Charles O. Rossotti (born January 17, 1941) is an American businessman, and former Commissioner of Internal Revenue.

==Early career==
Rossotti was born in 1941 in New York City and graduated from St. Cecilia High School in Englewood, New Jersey in 1958, before earning a Bachelor of Arts degree in economics from Georgetown University (1962) and a M.B.A. from Harvard Business School (1964). Rossotti was the first ever MBA hire for the Boston Consulting Group. But after only a year, Rossotti went to work for the Office of the Secretary of Defense. From 1965 to 1969, Rossotti worked for Robert McNamara, becoming Deputy Assistant Secretary of Defense for Systems Analysis at age 29.

In 1970, Rossotti and several DOD colleagues co-founded American Management Systems, a technology and management consulting firm. Rossotti was Chief Executive Officer from the late 1980s to the mid-1990s.

Rossotti also sits on the Atlantic Council's Board of Directors.

==IRS years==
In 1997, Rossotti was named Commissioner of Internal Revenue by then President Bill Clinton where he served for five years.

He was considered a reformer, upgrading the agency's technology, as well as turning the IRS into a more customer service-oriented agency. Rossotti received a waiver from the Clinton administration that allowed him to retain his AMS stock in a blind trust.
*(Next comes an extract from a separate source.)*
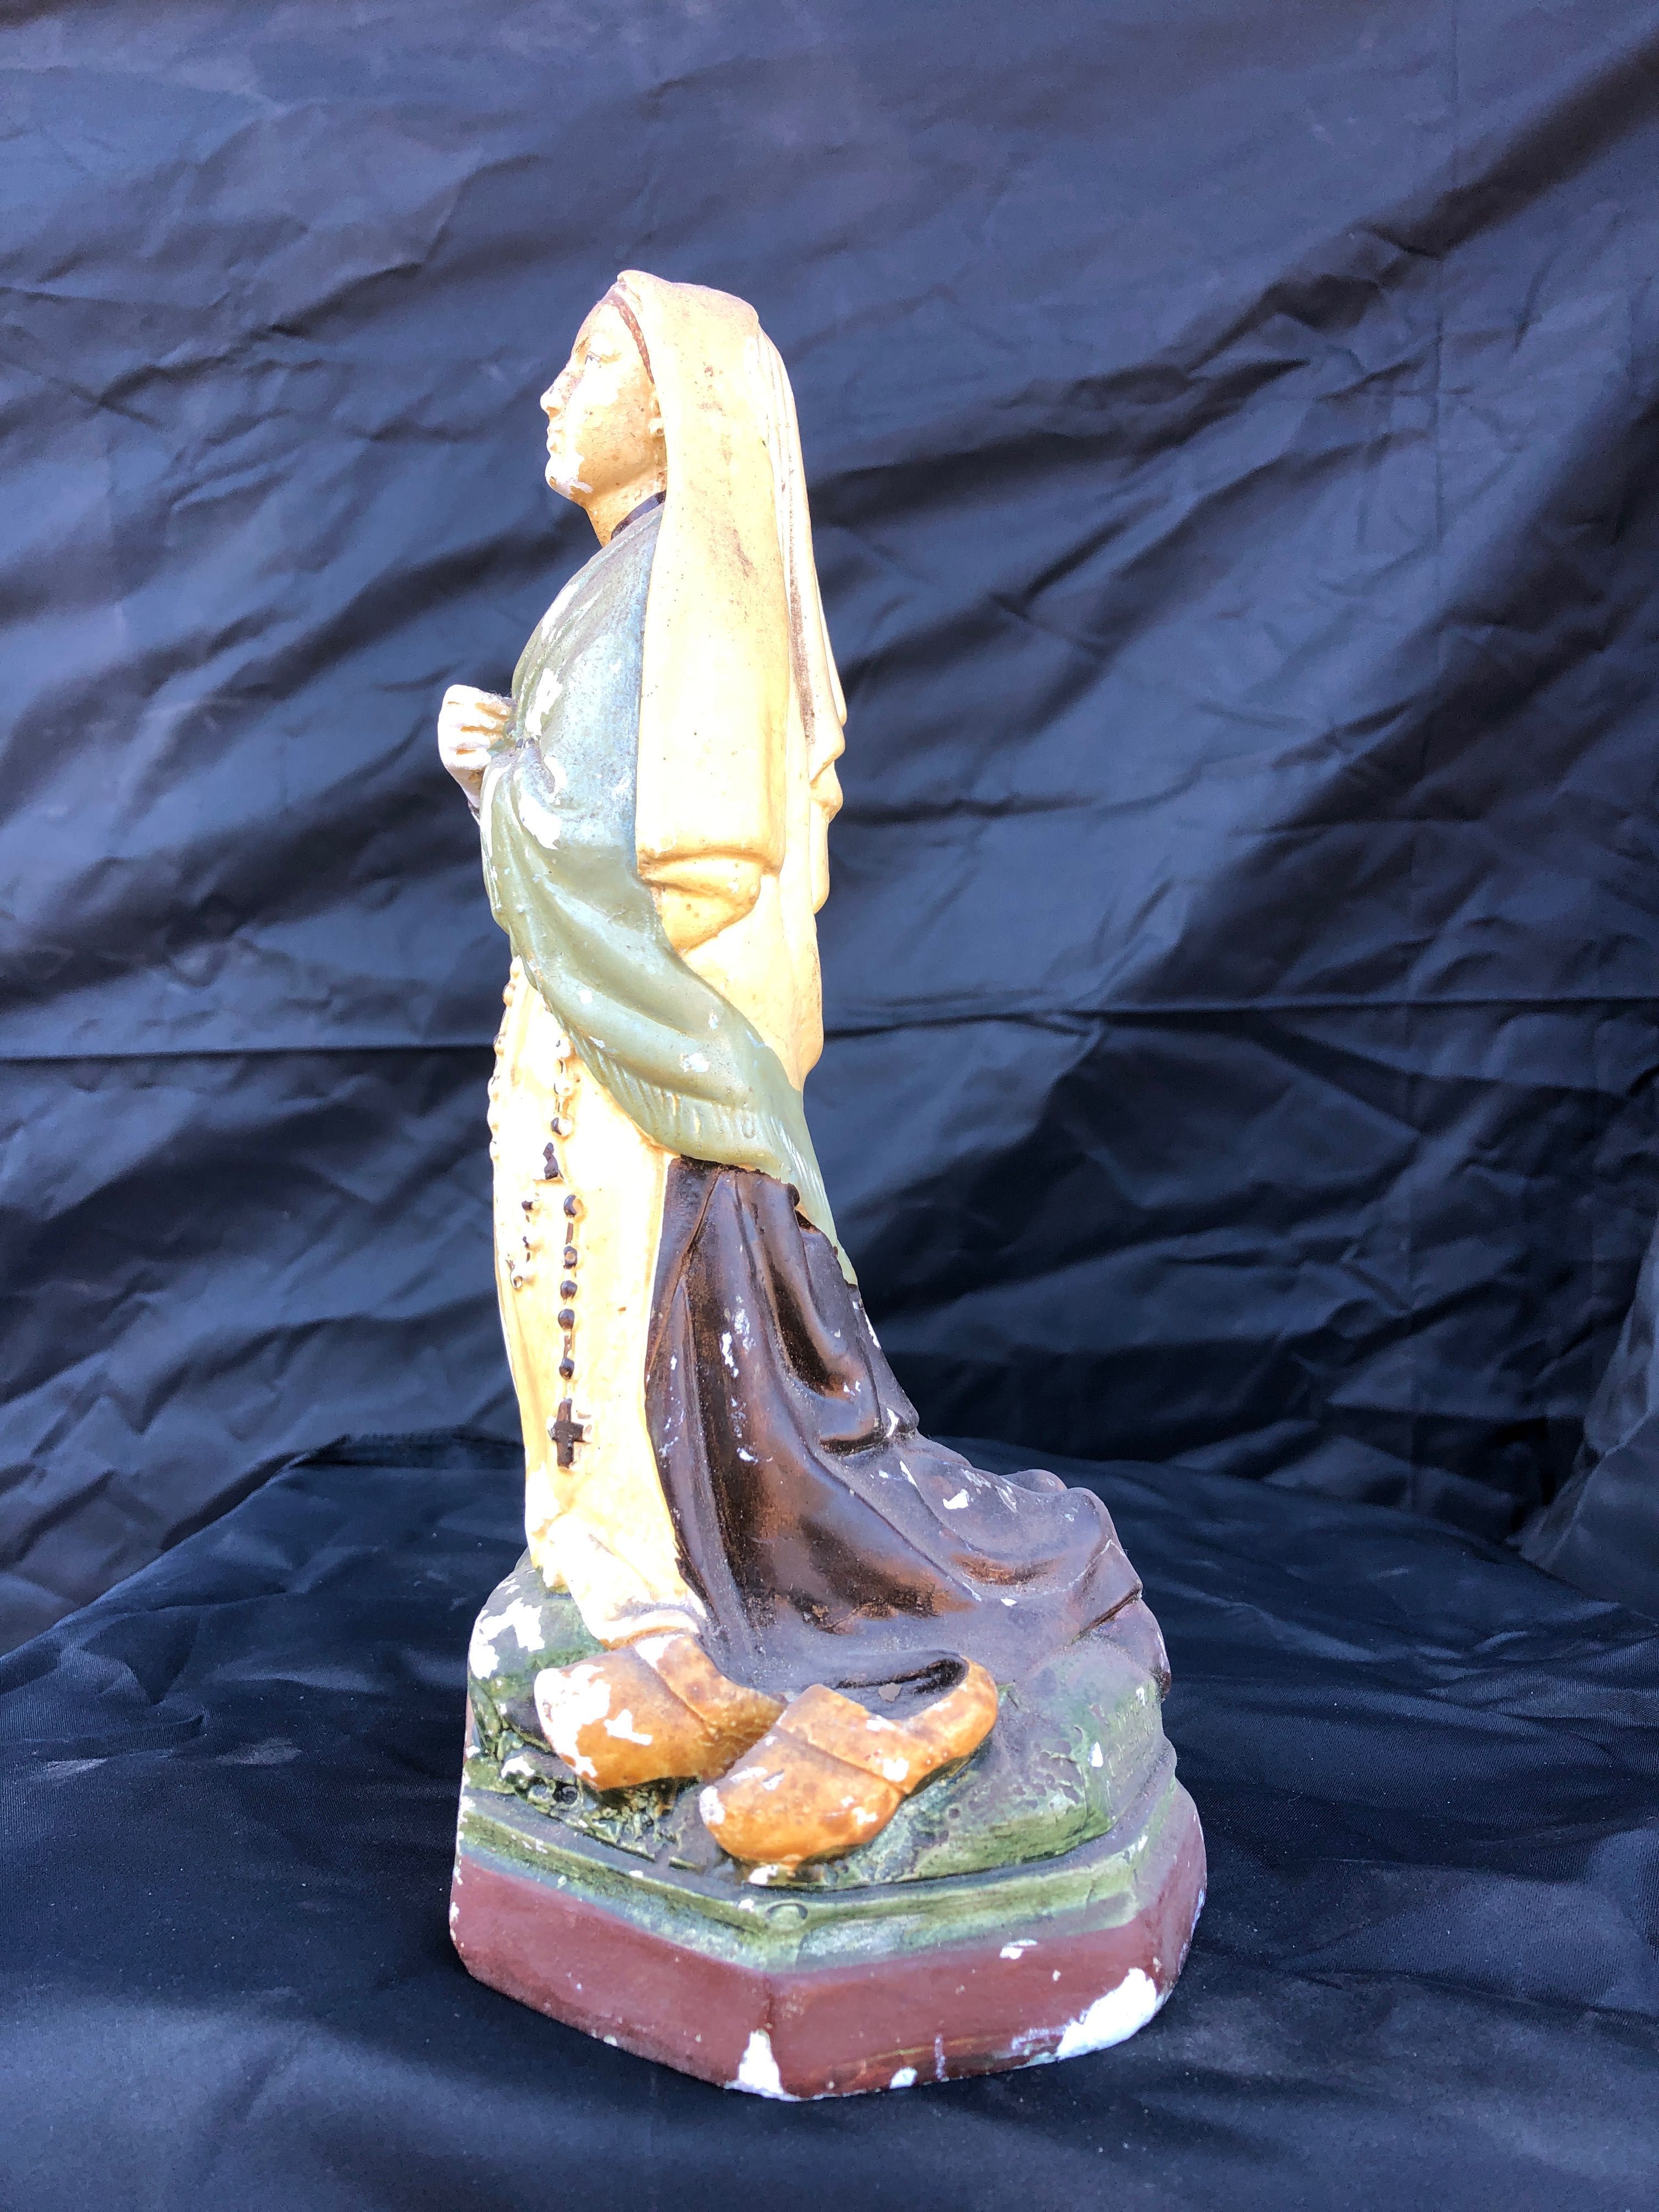 Sygnowana Stara figurka gipsowa Lourdes

After leaving the IRS, Rossotti joined The Carlyle Group, a global private equity firm in Washington, D.C., as a Senior Advisor.

==Publications==
Rossotti is the author of two books:
- Modernizing America's Tax Agency (2000)
- Many Unhappy Returns: One Man's Quest To Turn Around The Most Unpopular Organization In America (Leadership for the Common Good) (Cambridge: Harvard Business School Press, 2005)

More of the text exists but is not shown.